A former “Morningstar Fund Manager of the Year,” Donald Yacktman needed little introduction.
Unlike many of today’s speakers, Yacktman invests primarily in large- and mega-cap companies. His first priority is protecting investors’ capital. His second is growing people’s capital. He accomplishes the former by avoiding making bad investment decisions.
Yacktman looks only at long-term investments that offer a compelling price given their underlying assets. He also searches for companies with a high cash return on tangible assets. Lastly, Yacktman looks at companies in sectors with secular – not cyclical – growth. Consumer staples, in particular, come to mind.

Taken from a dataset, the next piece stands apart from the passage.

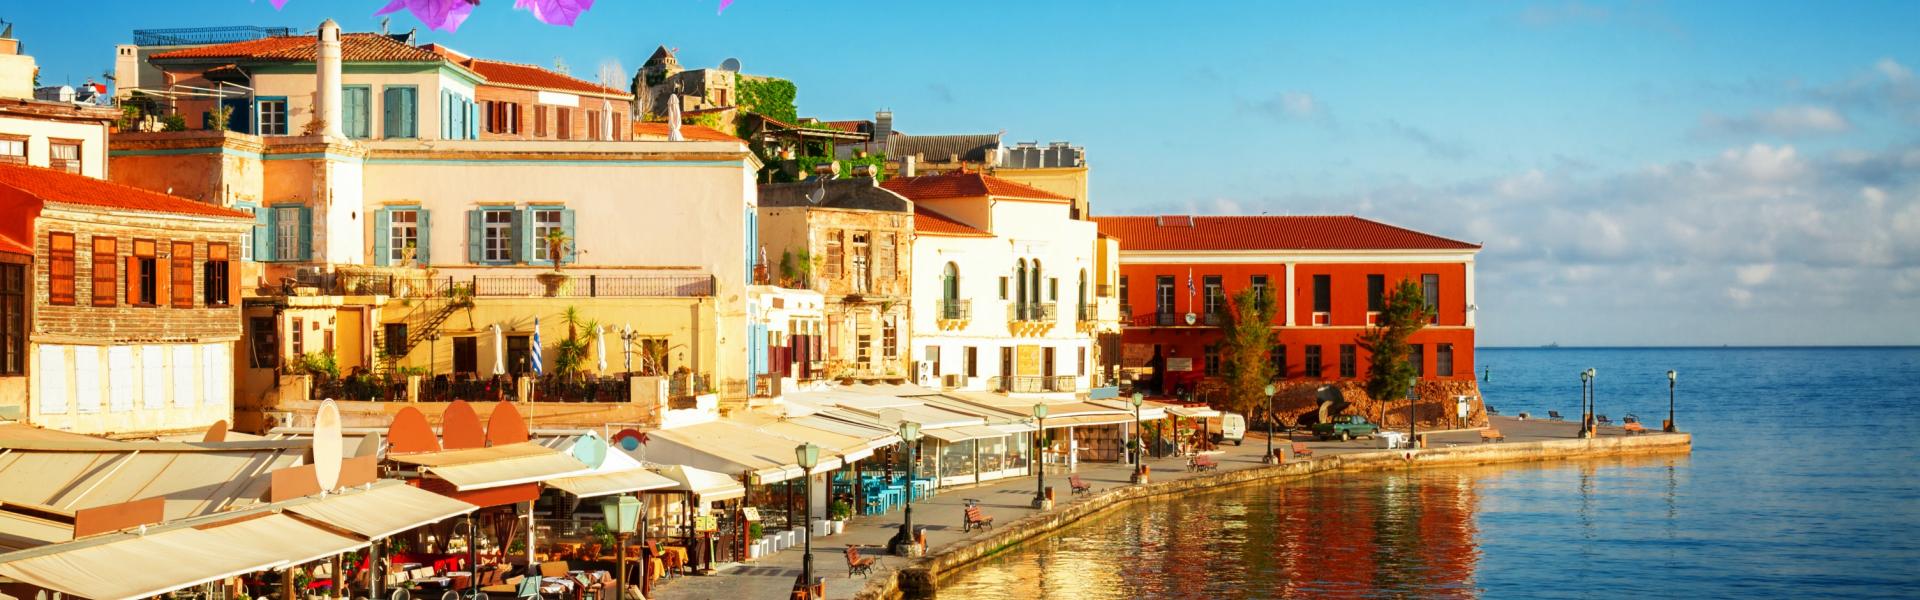 Ferienwohnungen & Ferienhäuser für Urlaub auf Kreta - Casamundo

“Buying above-average companies at below-average prices” is how Yacktman characterizes his investment style. “It’s better to be Billy Beane than George Steinbrenner.”
Companies such as Coke (NYSE: KO), Pepsi (NYSE: PEP) or Procter & Gamble (NYSE: PG) are the equivalent of triple-A bonds, Yacktman says.
Those are among Yacktman Funds’ top 10 holdings. Other holdings include News Corp. (NASDAQ: NWS), Cisco Systems (NASDAQ: CSCO), Johnson & Johnson (NYSE: JNJ) and Microsoft (NASDAQ: MSFT).